RECORDED DATA: Begin
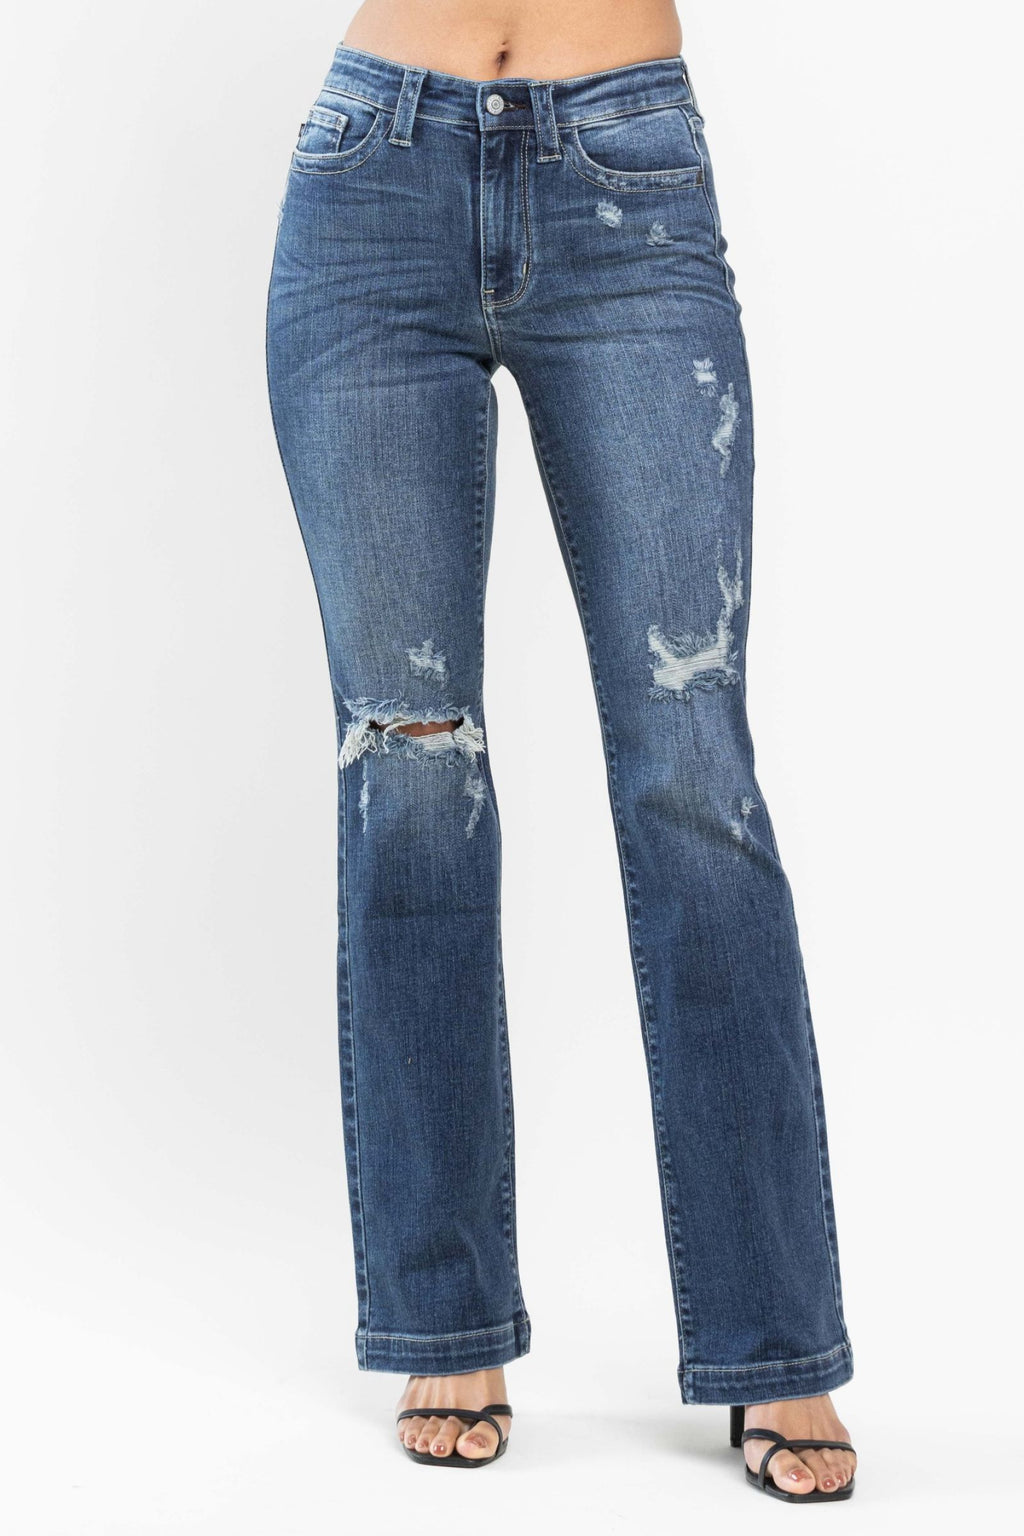 Judy Blue Mid Rise Hand Sand & Destroy Bootcut Jeans
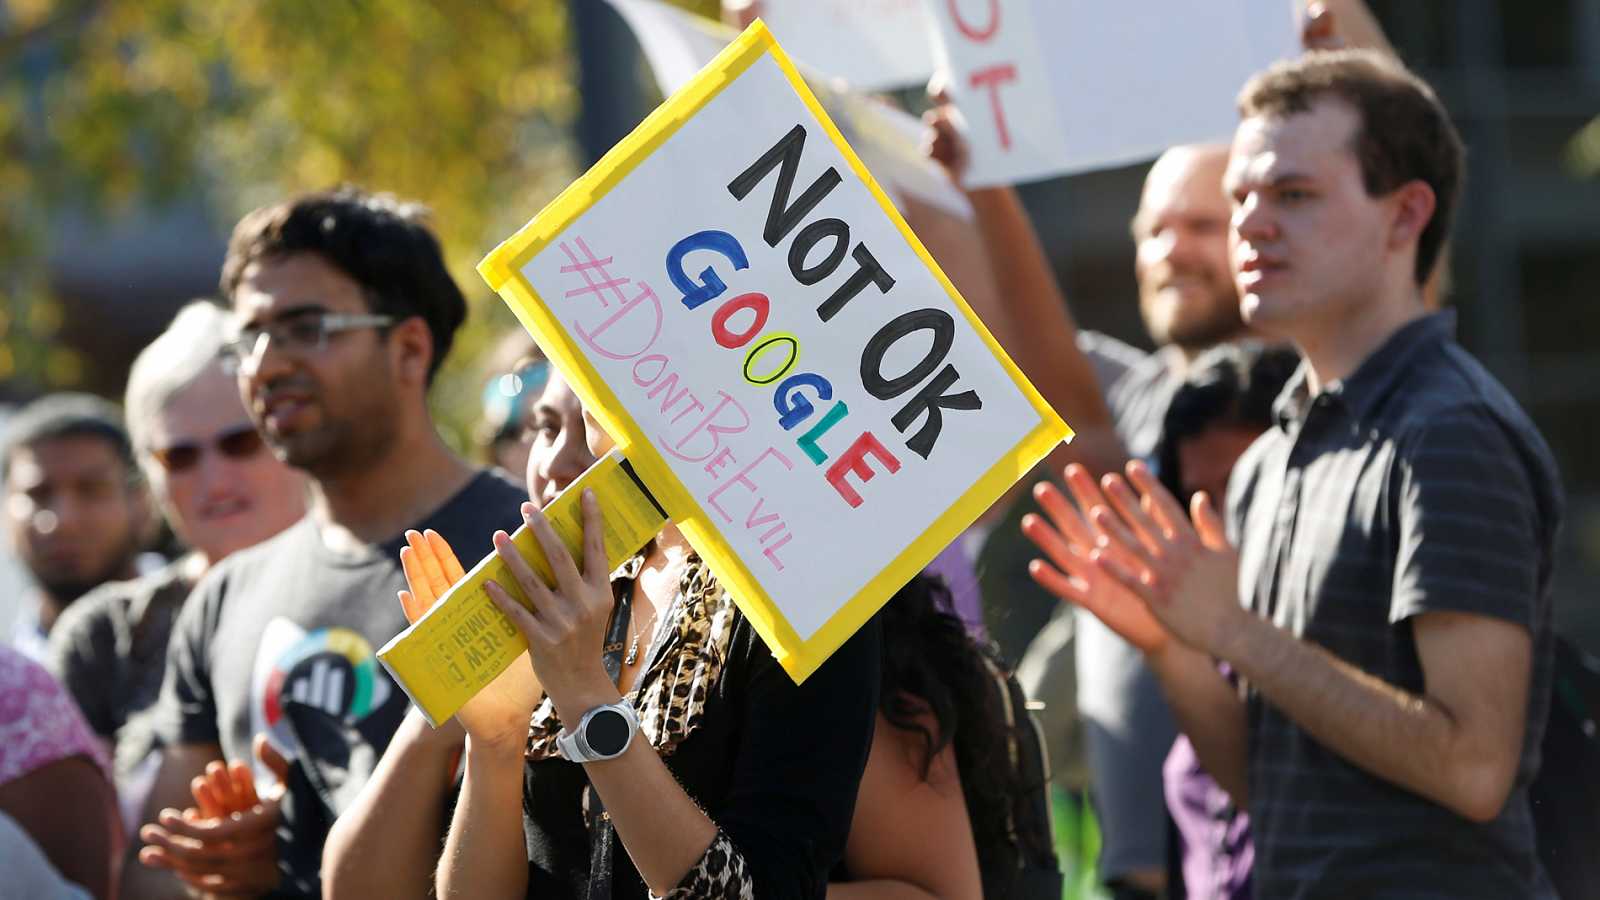 Google is making changes following last week's sexual harassment walkout
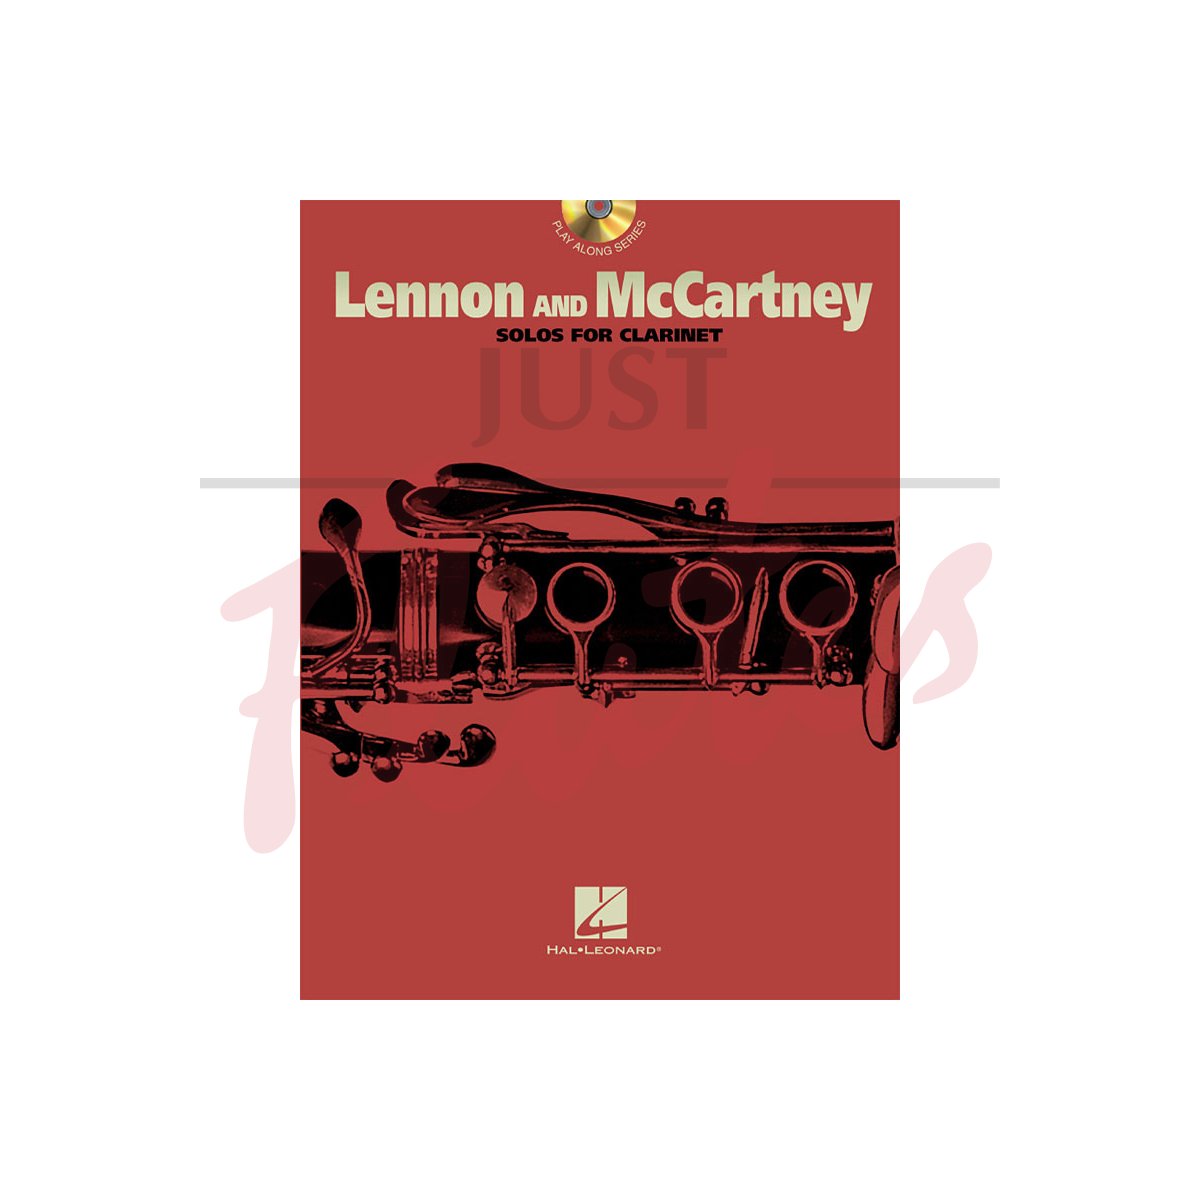 Lennon and McCartney Solos for Clarinet
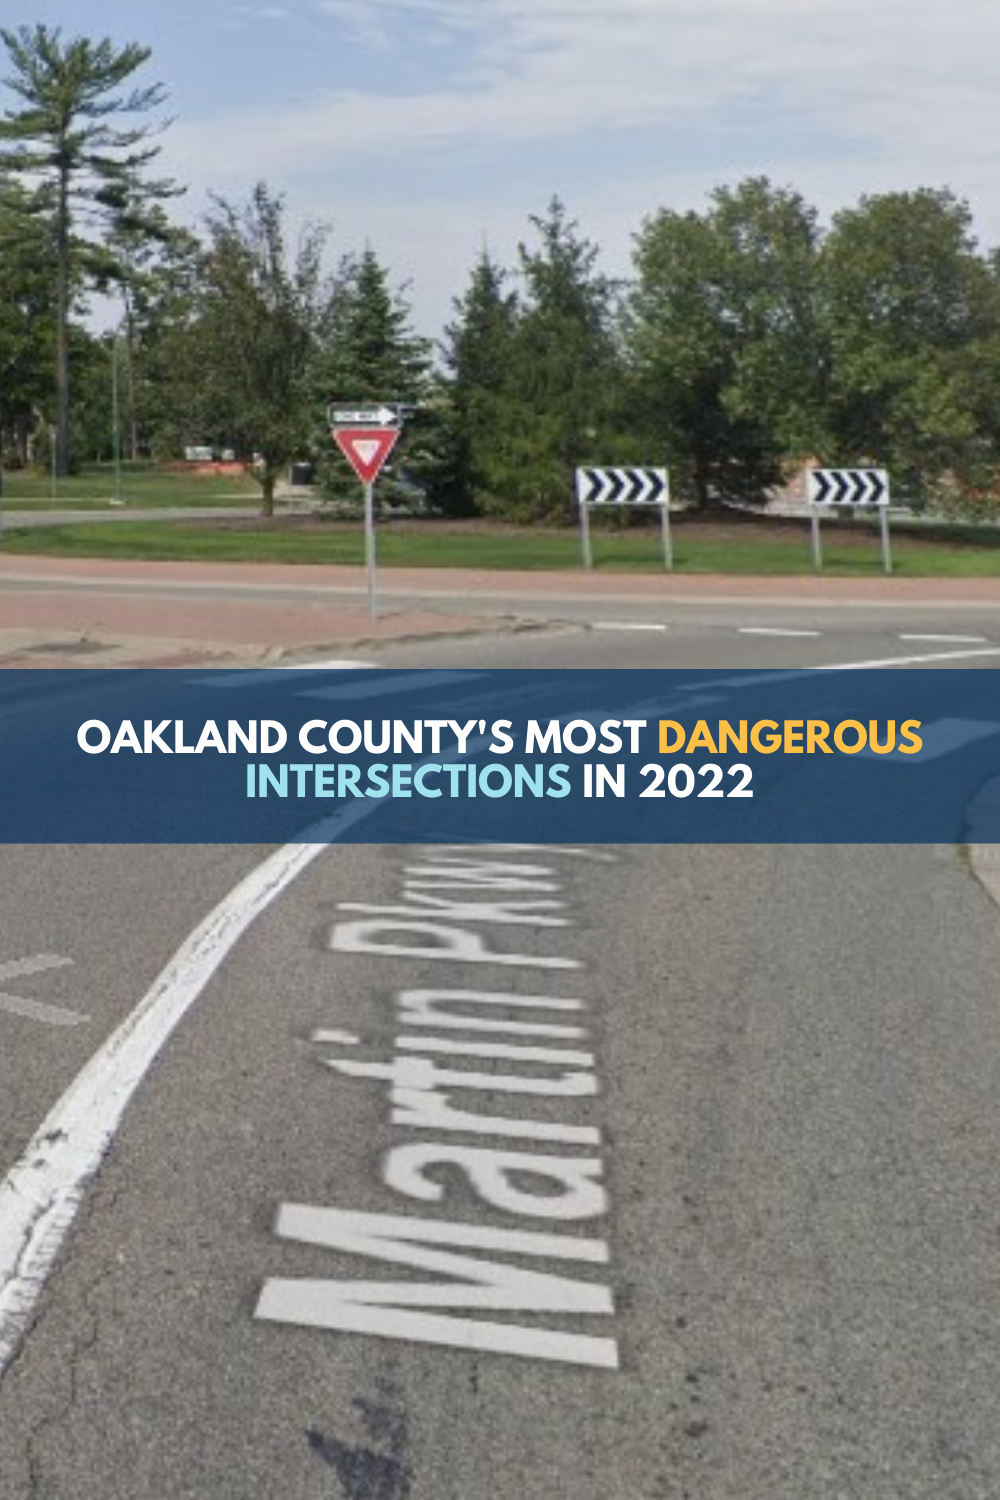 Oakland County’s Most Dangerous Intersections in 2022
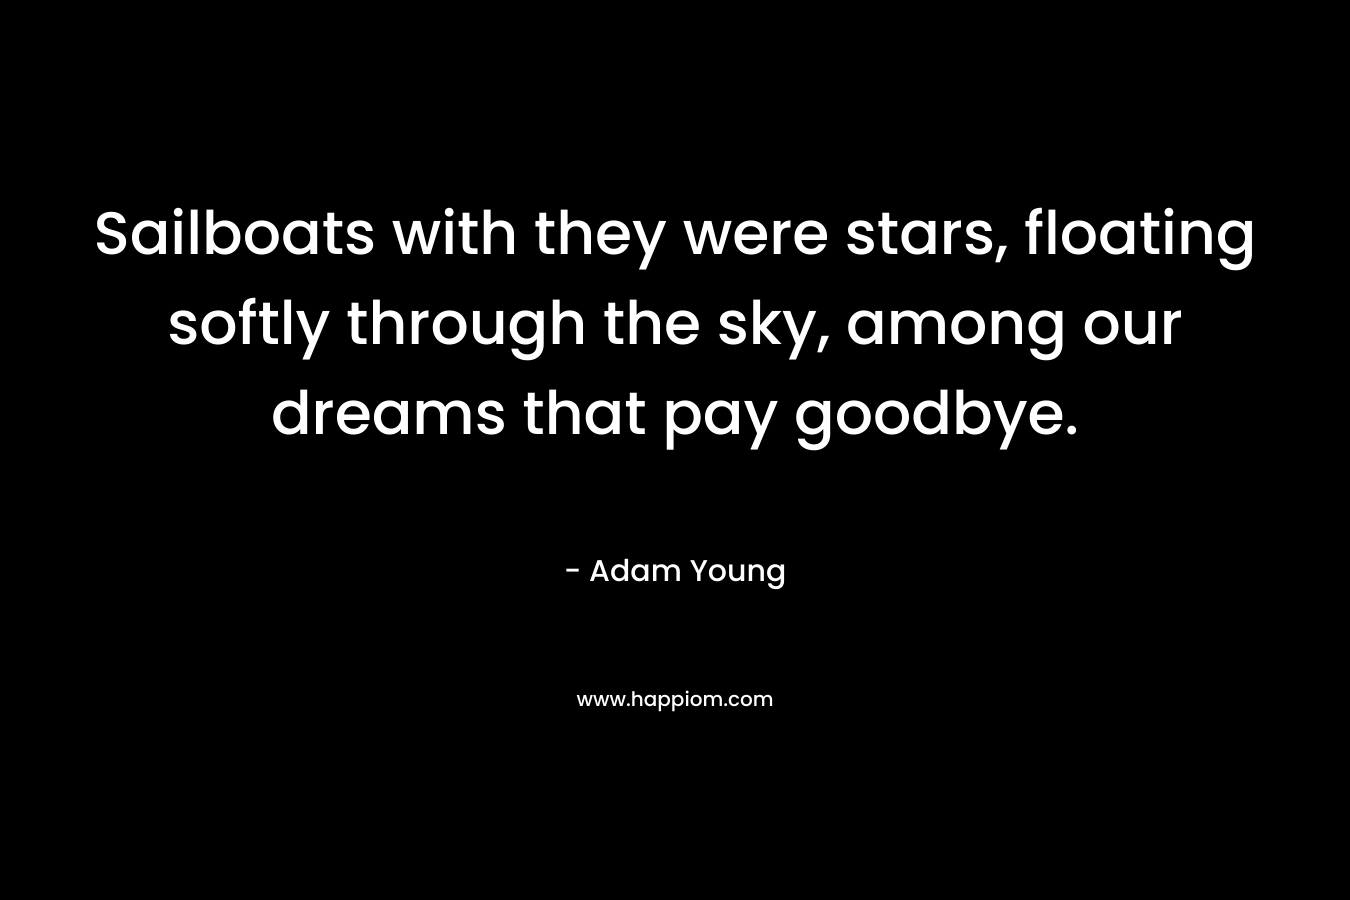 Sailboats with they were stars, floating softly through the sky, among our dreams that pay goodbye.
RECORDED DATA: End
● **TASK GOAL**
Exactly the lines from the top of the entries through the line with "Oakland County’s Most", inclusive, must be given again, with every picture omitted.

● **RESULT BELOW**
 Judy Blue Mid Rise Hand Sand & Destroy Bootcut Jeans
 Google is making changes following last week's sexual harassment walkout
 Lennon and McCartney Solos for Clarinet
 Oakland County’s Most Dangerous Intersections in 2022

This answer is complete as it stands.